------ THE DATA
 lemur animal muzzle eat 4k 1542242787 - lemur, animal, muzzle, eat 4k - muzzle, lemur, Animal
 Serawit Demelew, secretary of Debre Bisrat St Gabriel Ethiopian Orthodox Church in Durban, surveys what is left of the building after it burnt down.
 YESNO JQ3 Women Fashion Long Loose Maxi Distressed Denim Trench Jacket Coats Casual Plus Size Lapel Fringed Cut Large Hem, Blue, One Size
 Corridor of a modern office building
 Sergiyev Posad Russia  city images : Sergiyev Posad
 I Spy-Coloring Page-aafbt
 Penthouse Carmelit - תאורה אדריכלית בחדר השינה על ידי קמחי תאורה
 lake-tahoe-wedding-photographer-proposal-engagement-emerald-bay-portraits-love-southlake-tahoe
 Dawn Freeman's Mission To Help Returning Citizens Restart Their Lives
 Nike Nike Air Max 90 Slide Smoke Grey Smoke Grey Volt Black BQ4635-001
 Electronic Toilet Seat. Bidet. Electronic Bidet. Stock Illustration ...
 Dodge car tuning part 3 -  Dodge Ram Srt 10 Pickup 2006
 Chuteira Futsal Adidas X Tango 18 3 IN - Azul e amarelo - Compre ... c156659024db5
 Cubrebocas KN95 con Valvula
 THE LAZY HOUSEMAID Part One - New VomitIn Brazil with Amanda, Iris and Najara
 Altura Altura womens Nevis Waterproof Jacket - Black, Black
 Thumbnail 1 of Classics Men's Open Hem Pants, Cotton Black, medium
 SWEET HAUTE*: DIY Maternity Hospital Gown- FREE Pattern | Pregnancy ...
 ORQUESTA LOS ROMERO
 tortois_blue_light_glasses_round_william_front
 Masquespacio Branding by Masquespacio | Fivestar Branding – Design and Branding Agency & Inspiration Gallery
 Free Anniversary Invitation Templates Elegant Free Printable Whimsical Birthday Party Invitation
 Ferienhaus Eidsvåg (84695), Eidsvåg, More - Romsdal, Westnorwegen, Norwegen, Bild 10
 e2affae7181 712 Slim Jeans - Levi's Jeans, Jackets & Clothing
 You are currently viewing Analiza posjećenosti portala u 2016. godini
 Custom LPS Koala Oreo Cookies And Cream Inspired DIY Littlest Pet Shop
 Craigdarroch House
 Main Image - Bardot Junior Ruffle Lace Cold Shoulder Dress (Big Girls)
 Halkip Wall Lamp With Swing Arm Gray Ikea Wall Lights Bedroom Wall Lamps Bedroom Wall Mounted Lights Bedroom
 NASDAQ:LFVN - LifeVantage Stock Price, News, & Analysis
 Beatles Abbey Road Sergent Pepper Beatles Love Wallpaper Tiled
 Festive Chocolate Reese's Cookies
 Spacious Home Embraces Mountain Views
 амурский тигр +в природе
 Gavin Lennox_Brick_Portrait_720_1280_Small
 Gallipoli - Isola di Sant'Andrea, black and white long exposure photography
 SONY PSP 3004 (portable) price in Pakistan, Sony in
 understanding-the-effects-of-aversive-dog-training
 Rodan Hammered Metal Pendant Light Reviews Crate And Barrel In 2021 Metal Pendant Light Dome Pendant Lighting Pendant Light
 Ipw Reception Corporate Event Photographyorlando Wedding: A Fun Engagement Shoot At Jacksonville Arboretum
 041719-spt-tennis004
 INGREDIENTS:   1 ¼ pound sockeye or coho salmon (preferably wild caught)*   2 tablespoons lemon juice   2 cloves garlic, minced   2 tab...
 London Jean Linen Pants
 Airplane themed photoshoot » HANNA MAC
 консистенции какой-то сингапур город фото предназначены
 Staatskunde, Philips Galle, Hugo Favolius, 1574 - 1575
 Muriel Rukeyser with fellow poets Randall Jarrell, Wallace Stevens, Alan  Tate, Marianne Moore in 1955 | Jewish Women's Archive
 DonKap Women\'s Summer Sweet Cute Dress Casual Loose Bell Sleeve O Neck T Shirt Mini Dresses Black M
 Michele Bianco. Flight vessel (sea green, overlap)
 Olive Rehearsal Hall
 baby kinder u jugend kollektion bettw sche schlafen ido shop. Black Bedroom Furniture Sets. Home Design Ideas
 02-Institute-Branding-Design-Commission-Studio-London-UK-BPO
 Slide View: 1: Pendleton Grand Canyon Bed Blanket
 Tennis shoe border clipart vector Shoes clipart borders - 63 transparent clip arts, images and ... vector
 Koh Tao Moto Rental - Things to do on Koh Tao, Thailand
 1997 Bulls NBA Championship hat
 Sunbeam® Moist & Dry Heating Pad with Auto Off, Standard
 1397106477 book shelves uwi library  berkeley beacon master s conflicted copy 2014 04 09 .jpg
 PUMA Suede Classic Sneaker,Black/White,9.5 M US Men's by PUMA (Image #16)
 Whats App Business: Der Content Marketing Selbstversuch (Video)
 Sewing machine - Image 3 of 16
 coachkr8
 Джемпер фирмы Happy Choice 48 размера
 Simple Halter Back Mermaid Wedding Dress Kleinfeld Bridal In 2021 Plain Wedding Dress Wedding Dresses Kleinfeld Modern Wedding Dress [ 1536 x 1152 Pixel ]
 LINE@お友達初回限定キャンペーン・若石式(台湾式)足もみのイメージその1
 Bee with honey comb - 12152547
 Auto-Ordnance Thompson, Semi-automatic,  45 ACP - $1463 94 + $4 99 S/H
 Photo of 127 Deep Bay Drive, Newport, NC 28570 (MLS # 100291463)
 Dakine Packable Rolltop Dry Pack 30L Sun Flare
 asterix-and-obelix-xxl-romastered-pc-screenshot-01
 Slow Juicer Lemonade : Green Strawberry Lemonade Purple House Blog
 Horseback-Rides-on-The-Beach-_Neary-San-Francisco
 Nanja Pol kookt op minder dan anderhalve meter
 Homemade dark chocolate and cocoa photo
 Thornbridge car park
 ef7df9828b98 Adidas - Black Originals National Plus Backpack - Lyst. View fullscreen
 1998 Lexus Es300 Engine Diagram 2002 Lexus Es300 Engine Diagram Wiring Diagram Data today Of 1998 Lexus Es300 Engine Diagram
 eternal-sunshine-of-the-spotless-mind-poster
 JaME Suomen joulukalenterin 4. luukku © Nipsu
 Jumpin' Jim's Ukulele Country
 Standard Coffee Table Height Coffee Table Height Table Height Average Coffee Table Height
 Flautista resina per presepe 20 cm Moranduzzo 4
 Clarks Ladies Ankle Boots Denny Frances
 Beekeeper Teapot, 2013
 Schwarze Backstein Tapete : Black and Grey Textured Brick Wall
------------
| DIRECTIONS FOR THIS TASK |
Print all of the data exactly as it was given.

| RESULT |
 lemur animal muzzle eat 4k 1542242787 - lemur, animal, muzzle, eat 4k - muzzle, lemur, Animal
 Serawit Demelew, secretary of Debre Bisrat St Gabriel Ethiopian Orthodox Church in Durban, surveys what is left of the building after it burnt down.
 YESNO JQ3 Women Fashion Long Loose Maxi Distressed Denim Trench Jacket Coats Casual Plus Size Lapel Fringed Cut Large Hem, Blue, One Size
 Corridor of a modern office building
 Sergiyev Posad Russia  city images : Sergiyev Posad
 I Spy-Coloring Page-aafbt
 Penthouse Carmelit - תאורה אדריכלית בחדר השינה על ידי קמחי תאורה
 lake-tahoe-wedding-photographer-proposal-engagement-emerald-bay-portraits-love-southlake-tahoe
 Dawn Freeman's Mission To Help Returning Citizens Restart Their Lives
 Nike Nike Air Max 90 Slide Smoke Grey Smoke Grey Volt Black BQ4635-001
 Electronic Toilet Seat. Bidet. Electronic Bidet. Stock Illustration ...
 Dodge car tuning part 3 -  Dodge Ram Srt 10 Pickup 2006
 Chuteira Futsal Adidas X Tango 18 3 IN - Azul e amarelo - Compre ... c156659024db5
 Cubrebocas KN95 con Valvula
 THE LAZY HOUSEMAID Part One - New VomitIn Brazil with Amanda, Iris and Najara
 Altura Altura womens Nevis Waterproof Jacket - Black, Black
 Thumbnail 1 of Classics Men's Open Hem Pants, Cotton Black, medium
 SWEET HAUTE*: DIY Maternity Hospital Gown- FREE Pattern | Pregnancy ...
 ORQUESTA LOS ROMERO
 tortois_blue_light_glasses_round_william_front
 Masquespacio Branding by Masquespacio | Fivestar Branding – Design and Branding Agency & Inspiration Gallery
 Free Anniversary Invitation Templates Elegant Free Printable Whimsical Birthday Party Invitation
 Ferienhaus Eidsvåg (84695), Eidsvåg, More - Romsdal, Westnorwegen, Norwegen, Bild 10
 e2affae7181 712 Slim Jeans - Levi's Jeans, Jackets & Clothing
 You are currently viewing Analiza posjećenosti portala u 2016. godini
 Custom LPS Koala Oreo Cookies And Cream Inspired DIY Littlest Pet Shop
 Craigdarroch House
 Main Image - Bardot Junior Ruffle Lace Cold Shoulder Dress (Big Girls)
 Halkip Wall Lamp With Swing Arm Gray Ikea Wall Lights Bedroom Wall Lamps Bedroom Wall Mounted Lights Bedroom
 NASDAQ:LFVN - LifeVantage Stock Price, News, & Analysis
 Beatles Abbey Road Sergent Pepper Beatles Love Wallpaper Tiled
 Festive Chocolate Reese's Cookies
 Spacious Home Embraces Mountain Views
 амурский тигр +в природе
 Gavin Lennox_Brick_Portrait_720_1280_Small
 Gallipoli - Isola di Sant'Andrea, black and white long exposure photography
 SONY PSP 3004 (portable) price in Pakistan, Sony in
 understanding-the-effects-of-aversive-dog-training
 Rodan Hammered Metal Pendant Light Reviews Crate And Barrel In 2021 Metal Pendant Light Dome Pendant Lighting Pendant Light
 Ipw Reception Corporate Event Photographyorlando Wedding: A Fun Engagement Shoot At Jacksonville Arboretum
 041719-spt-tennis004
 INGREDIENTS:   1 ¼ pound sockeye or coho salmon (preferably wild caught)*   2 tablespoons lemon juice   2 cloves garlic, minced   2 tab...
 London Jean Linen Pants
 Airplane themed photoshoot » HANNA MAC
 консистенции какой-то сингапур город фото предназначены
 Staatskunde, Philips Galle, Hugo Favolius, 1574 - 1575
 Muriel Rukeyser with fellow poets Randall Jarrell, Wallace Stevens, Alan  Tate, Marianne Moore in 1955 | Jewish Women's Archive
 DonKap Women\'s Summer Sweet Cute Dress Casual Loose Bell Sleeve O Neck T Shirt Mini Dresses Black M
 Michele Bianco. Flight vessel (sea green, overlap)
 Olive Rehearsal Hall
 baby kinder u jugend kollektion bettw sche schlafen ido shop. Black Bedroom Furniture Sets. Home Design Ideas
 02-Institute-Branding-Design-Commission-Studio-London-UK-BPO
 Slide View: 1: Pendleton Grand Canyon Bed Blanket
 Tennis shoe border clipart vector Shoes clipart borders - 63 transparent clip arts, images and ... vector
 Koh Tao Moto Rental - Things to do on Koh Tao, Thailand
 1997 Bulls NBA Championship hat
 Sunbeam® Moist & Dry Heating Pad with Auto Off, Standard
 1397106477 book shelves uwi library  berkeley beacon master s conflicted copy 2014 04 09 .jpg
 PUMA Suede Classic Sneaker,Black/White,9.5 M US Men's by PUMA (Image #16)
 Whats App Business: Der Content Marketing Selbstversuch (Video)
 Sewing machine - Image 3 of 16
 coachkr8
 Джемпер фирмы Happy Choice 48 размера
 Simple Halter Back Mermaid Wedding Dress Kleinfeld Bridal In 2021 Plain Wedding Dress Wedding Dresses Kleinfeld Modern Wedding Dress [ 1536 x 1152 Pixel ]
 LINE@お友達初回限定キャンペーン・若石式(台湾式)足もみのイメージその1
 Bee with honey comb - 12152547
 Auto-Ordnance Thompson, Semi-automatic,  45 ACP - $1463 94 + $4 99 S/H
 Photo of 127 Deep Bay Drive, Newport, NC 28570 (MLS # 100291463)
 Dakine Packable Rolltop Dry Pack 30L Sun Flare
 asterix-and-obelix-xxl-romastered-pc-screenshot-01
 Slow Juicer Lemonade : Green Strawberry Lemonade Purple House Blog
 Horseback-Rides-on-The-Beach-_Neary-San-Francisco
 Nanja Pol kookt op minder dan anderhalve meter
 Homemade dark chocolate and cocoa photo
 Thornbridge car park
 ef7df9828b98 Adidas - Black Originals National Plus Backpack - Lyst. View fullscreen
 1998 Lexus Es300 Engine Diagram 2002 Lexus Es300 Engine Diagram Wiring Diagram Data today Of 1998 Lexus Es300 Engine Diagram
 eternal-sunshine-of-the-spotless-mind-poster
 JaME Suomen joulukalenterin 4. luukku © Nipsu
 Jumpin' Jim's Ukulele Country
 Standard Coffee Table Height Coffee Table Height Table Height Average Coffee Table Height
 Flautista resina per presepe 20 cm Moranduzzo 4
 Clarks Ladies Ankle Boots Denny Frances
 Beekeeper Teapot, 2013
 Schwarze Backstein Tapete : Black and Grey Textured Brick Wall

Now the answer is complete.